*Source data*:
● ● ● ● ● ● ●
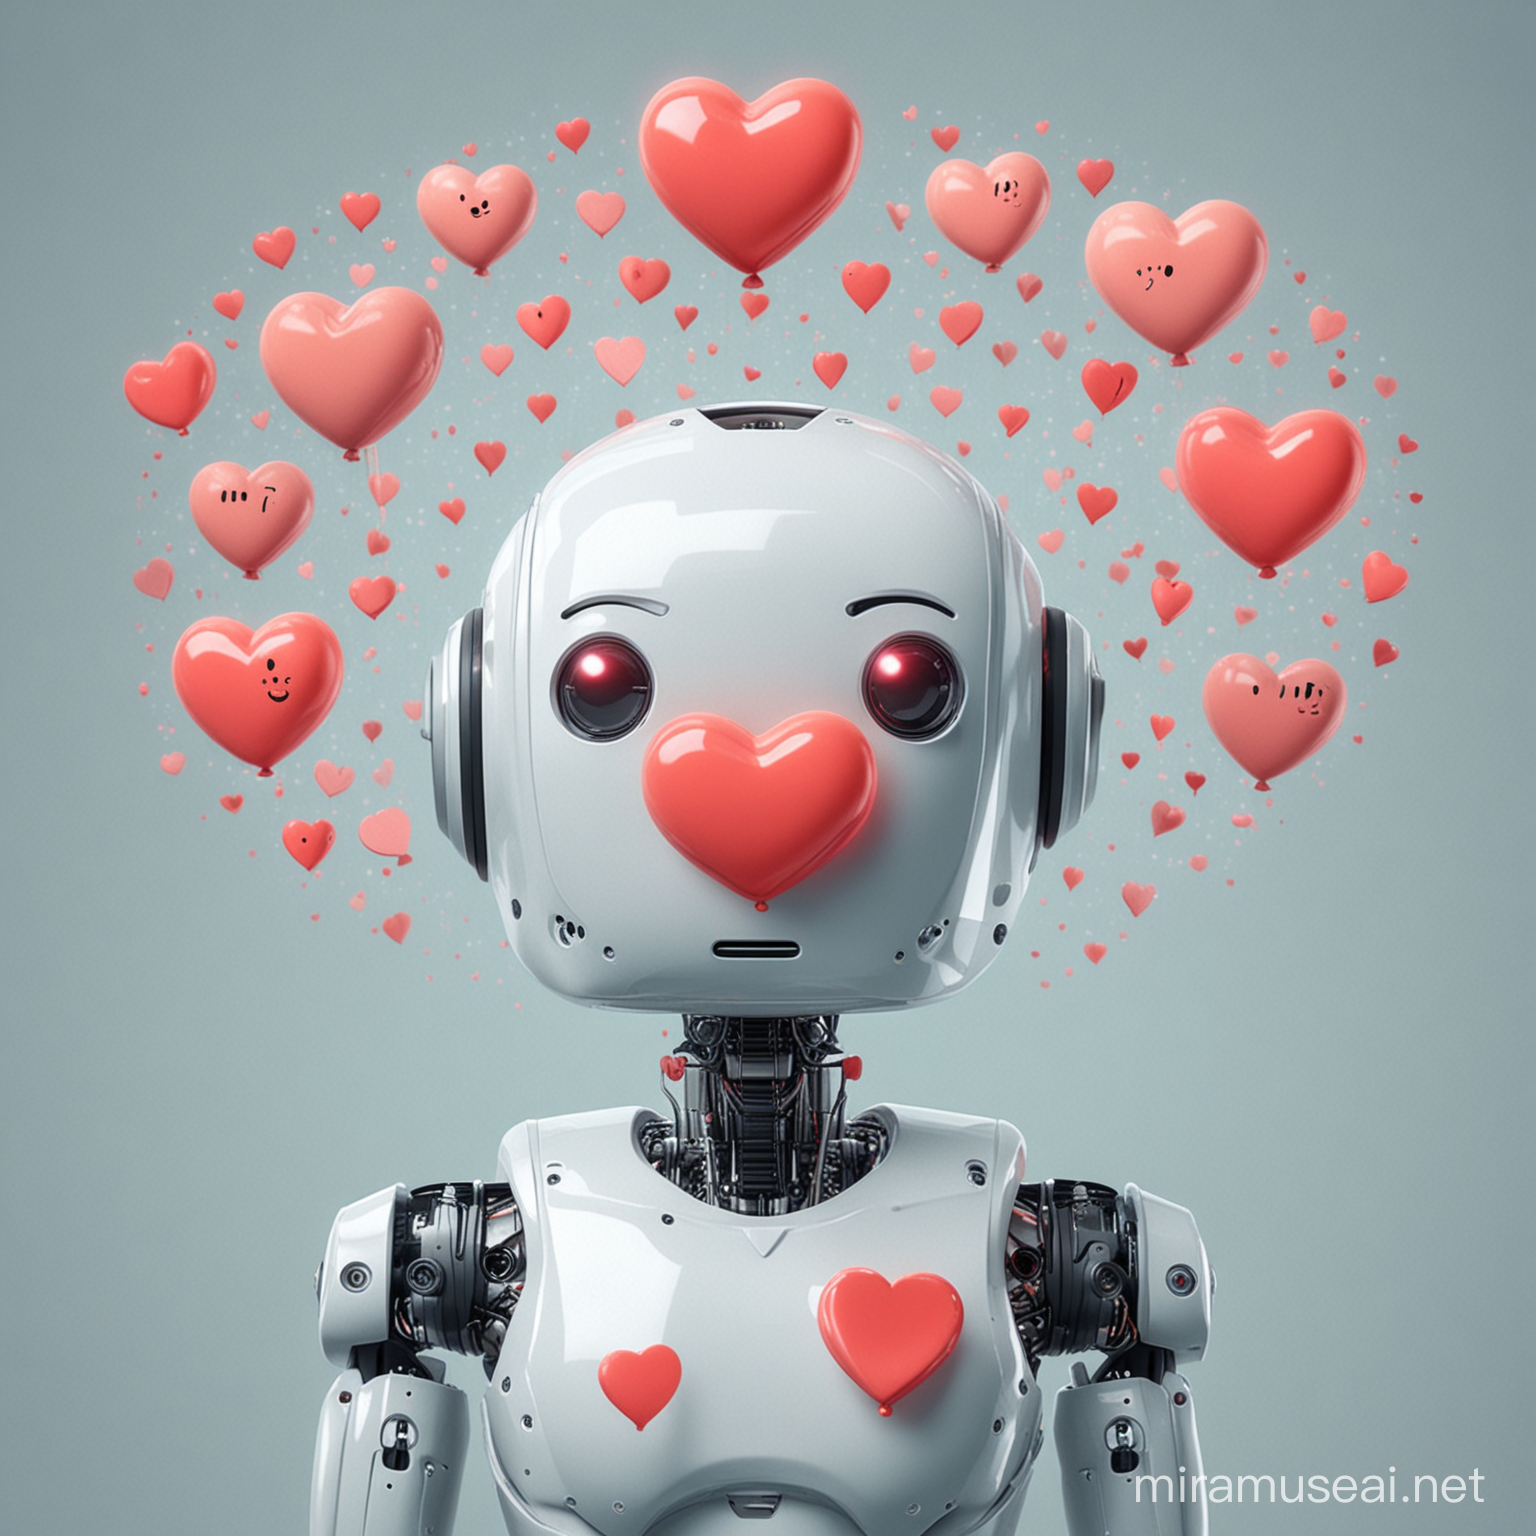 Un robot al que le salen corazones de la cabeza.
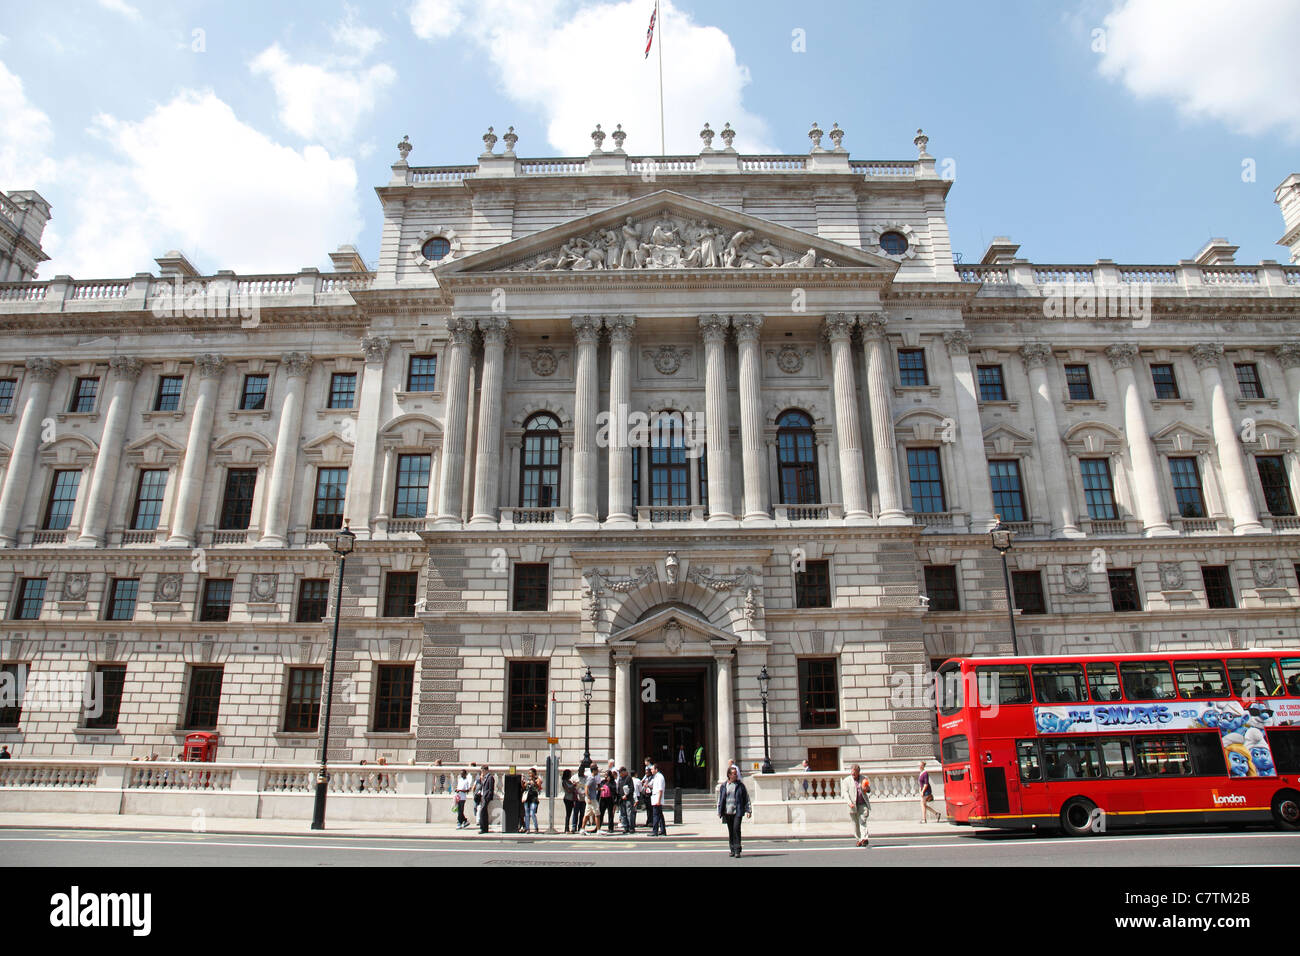 H M trésor, Whitehall, Westminster, Londres, Angleterre, Royaume-Uni Banque D'Images
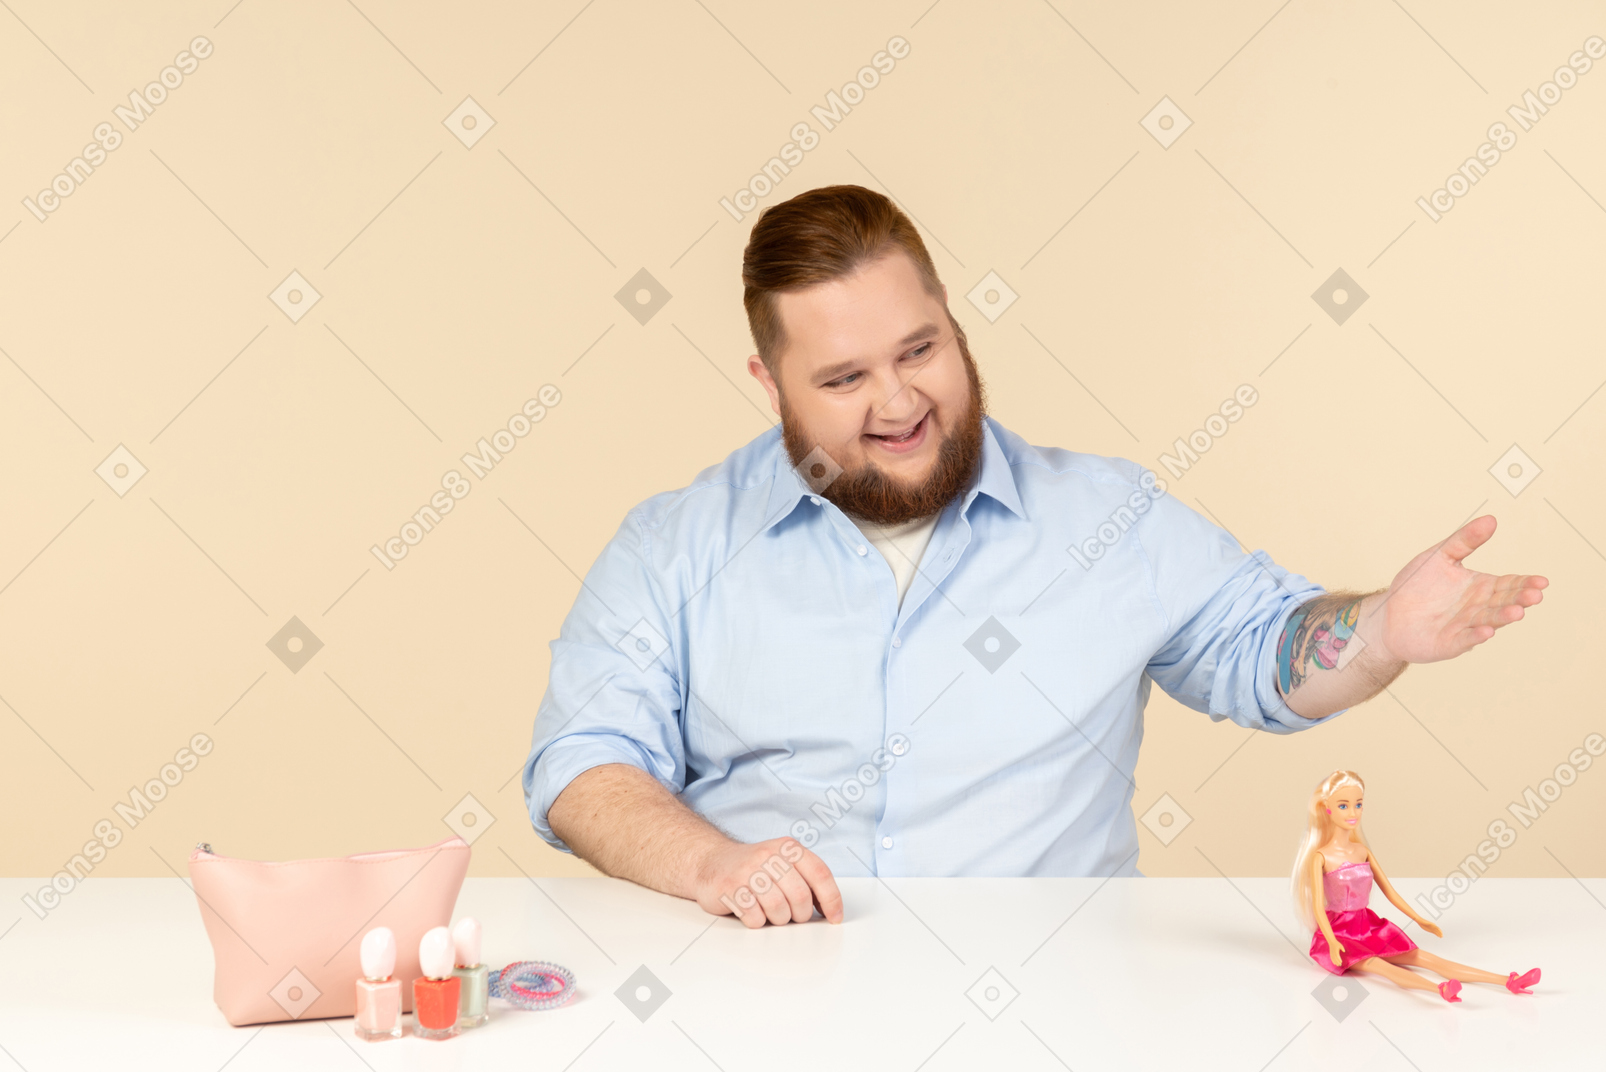 Смеющийся большой человек сидит за столом с косметикой и куклой барби на нем
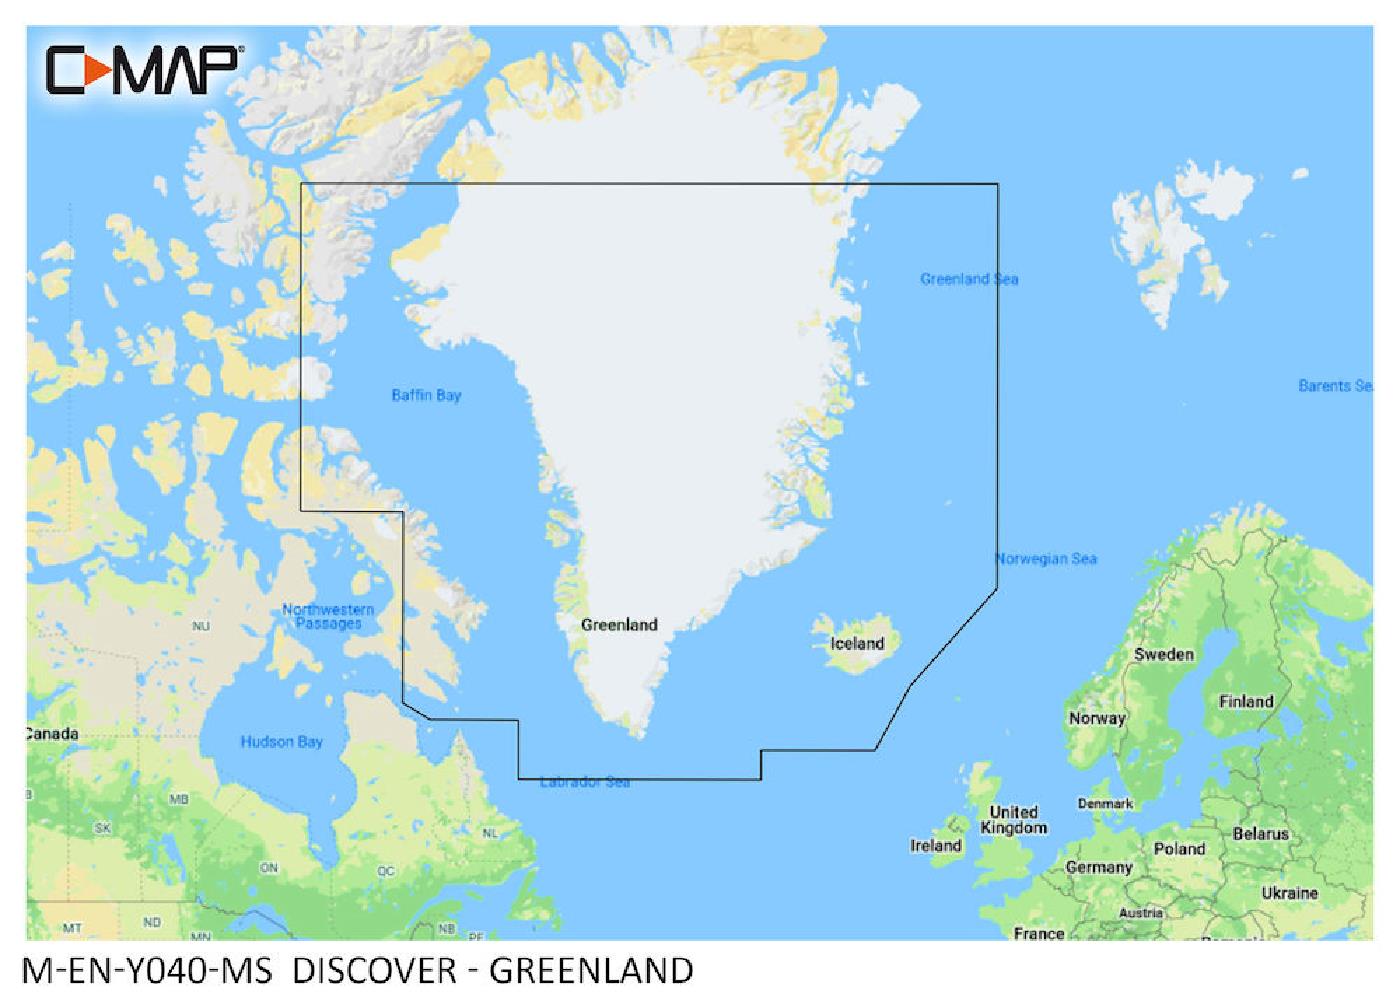 C-MAP Discover Greenland M-EN-Y040
● ● ● ● ● ● ●
*What to do*: What is needed is an exact repetition of every line from the line with "Смеющийся большой человек" to the end of the data above, both ends included, with no pictures.

*Answer section*:
 Смеющийся большой человек сидит за столом с косметикой и куклой барби на нем
 C-MAP Discover Greenland M-EN-Y040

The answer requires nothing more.